Probably a long time. Anyway, language changes! Sorry to inform you that the dictionary which existed the year you were born was only a descriptive record, not a prescriptive tome crystalizing the language forevermore. What a burden this must be for you!
I'm not sure about that. Some companies are already discouraging use of terms such as "sanity", "dummy", or "blind" [1]. Discouraging words that can be somehow linked to social disadvantage seems like a "logical" next step.
Same for regular computer. The importance is if the physica experiment can be used to compute an unrated mathematical problem. See also the Water Integrator.
> But the calculation in this case is a ‘#P-hard problem’, which is even harder than notoriously tricky NP-hard problems
Maybe someone can help me here. Wikipedia [1] states this about #P -complete problems:
"A polynomial-time algorithm for solving a #P-complete problem, if it existed, would solve the P versus NP problem by implying that P and NP are equal."
So, would the statement of the article imply that P=NP? That would be quite a big deal, wouldn't it?
Now, the statement talks about #P-hard, wikipedia about #P-complete.
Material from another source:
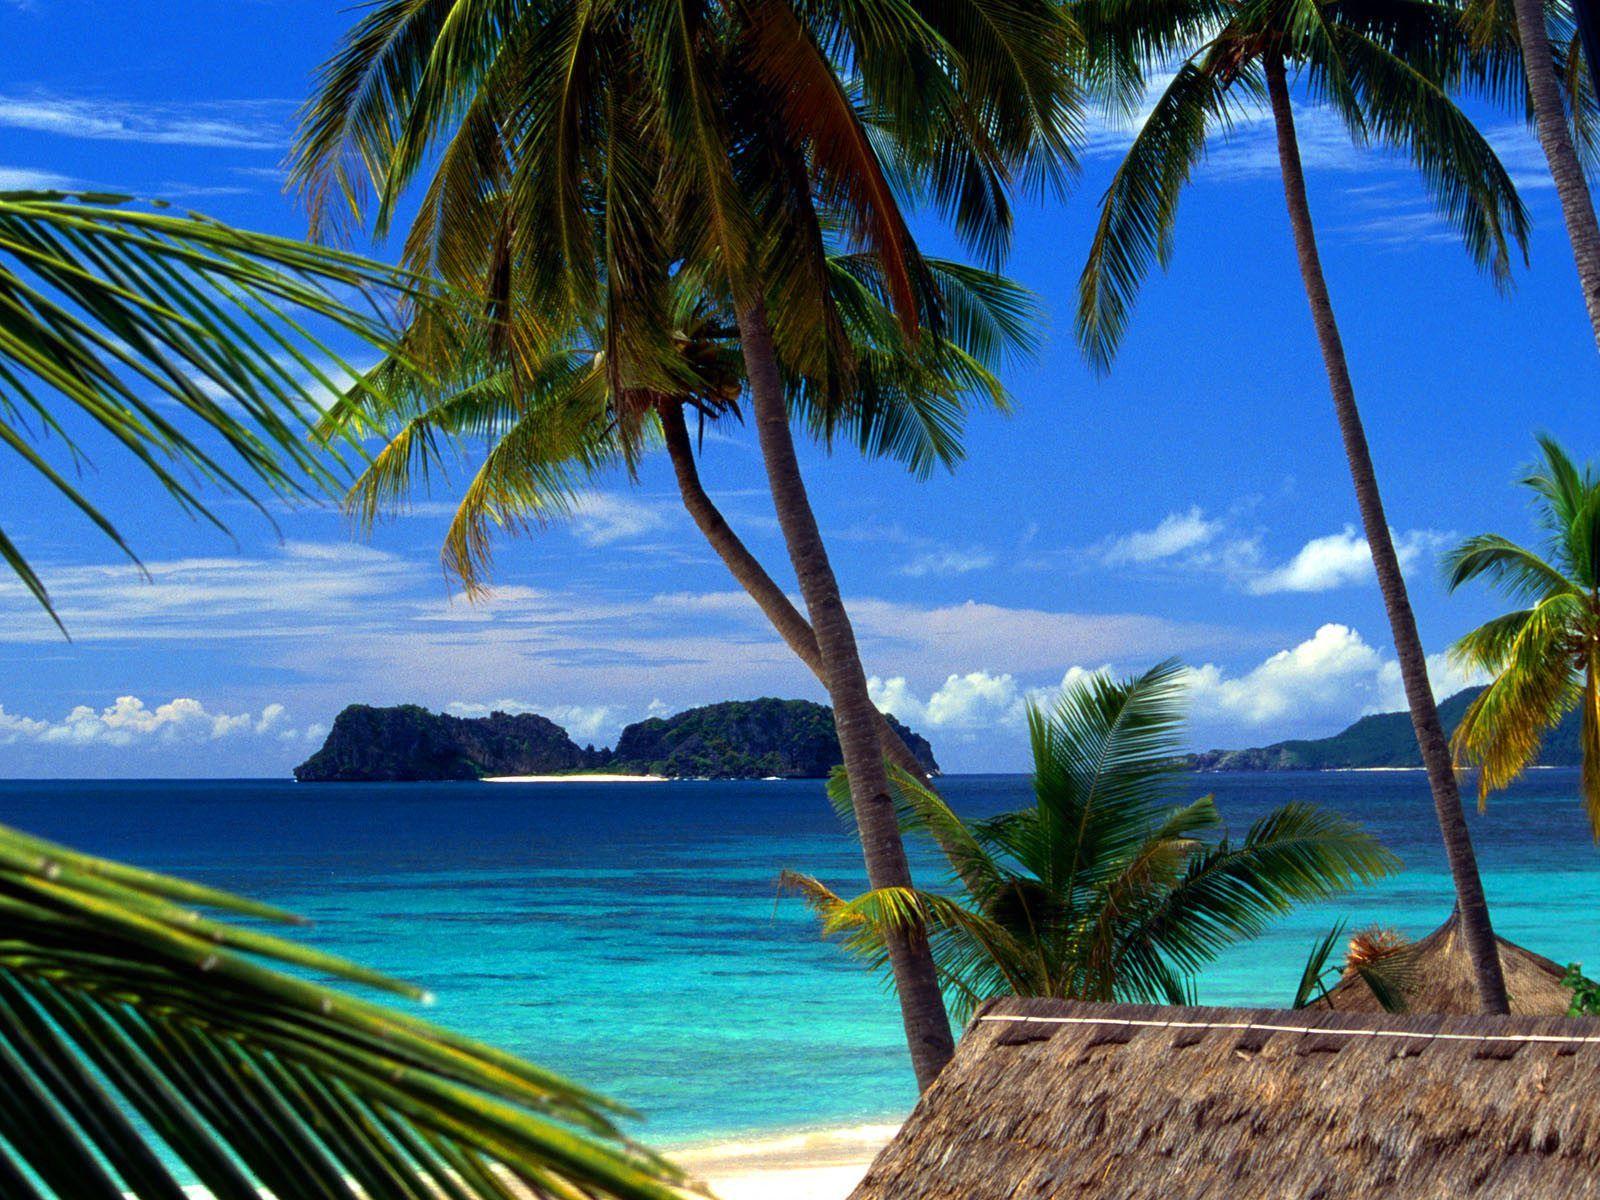 http://3.bp.blogspot.com/-DHsrjMeA5ys/TfJLR3JT6kI/AAAAAAAAAZw/6kaYQ_nUP_s/s1600/Palawan%252C+the+Philippines_abcnewsexpress.jpeg
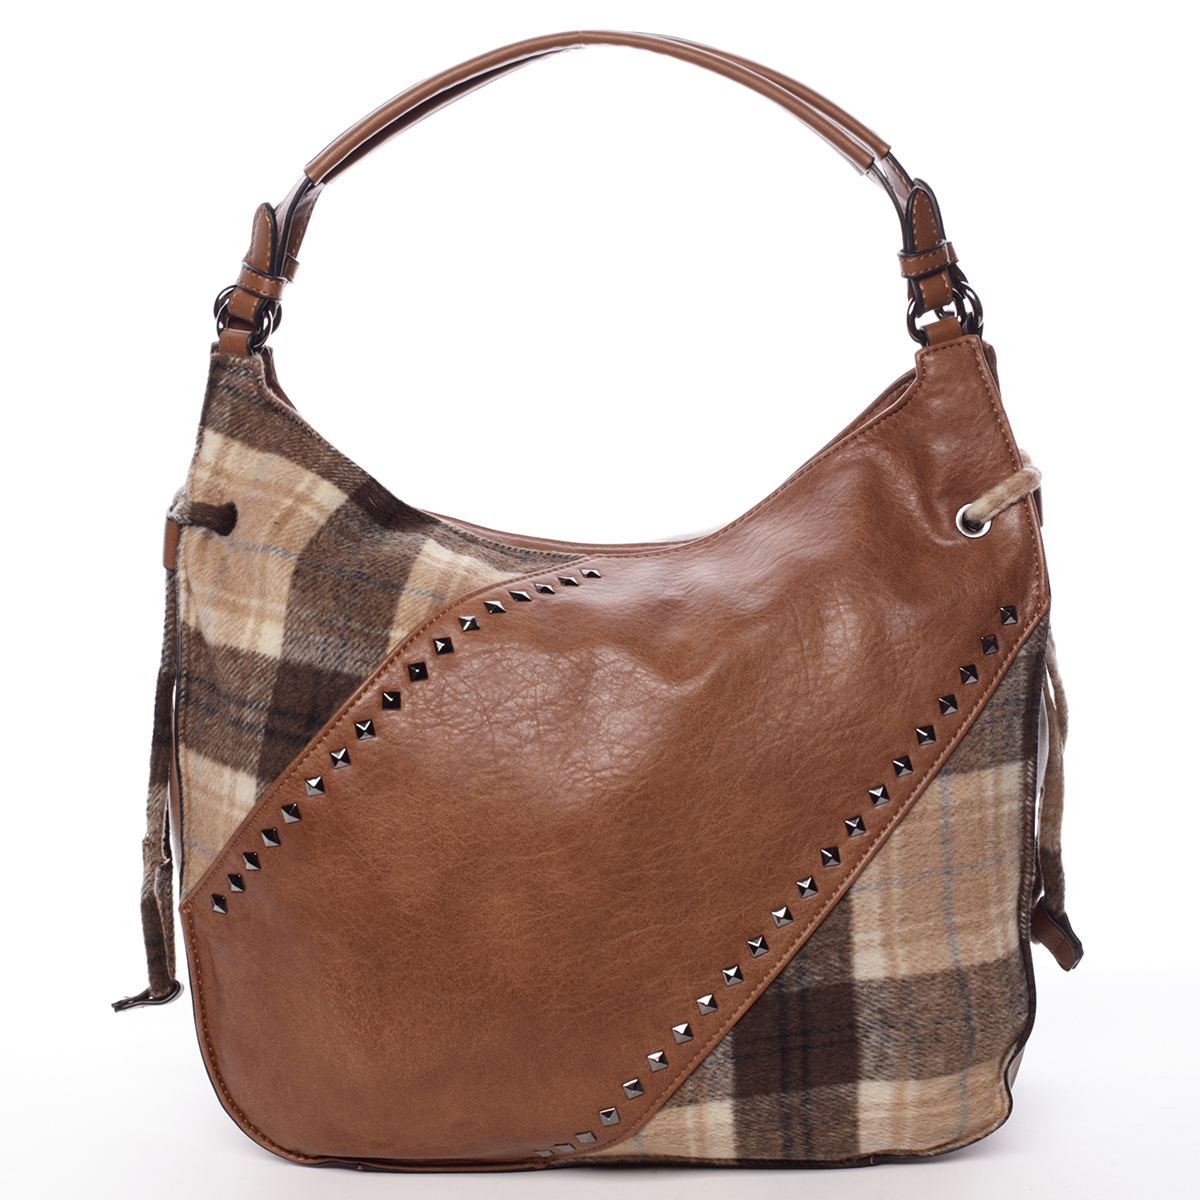 Moderní dámská kabelka hnědá - MARIA C Sarai

Does this make a difference?
I think the key is "polynomial-time algorithm", whereas according to the article, they're "sidestep[ping] the brute-force calculation by simulating the quantum process directly"
The analogy is more like: what if your pool table is the only "computer" in the world, could you map any real other problems you have onto that "computer"? I'm pretty sure you would come up with some clever mappings.
A more charitable interpretation is that people consider changing a single word to be a minor inconvenience at worst, and a betterment of the field at best.
"A quantum computer, however, can sidestep the brute-force calculation by simulating the quantum process directly — allowing bosons to interfere and sampling the resulting distribution."
Uhhmmmm... it sounds to me like they are performing an experiment and measuring the results.
It's not a simulation if you actually perform the physical experiment.
This seems a bit like saying "A hurricane will simulate a hurricane better and much faster than a supercomputer".
Umm, true enough, I guess. But can you make a hurricane do anything useful besides just being a hurricane?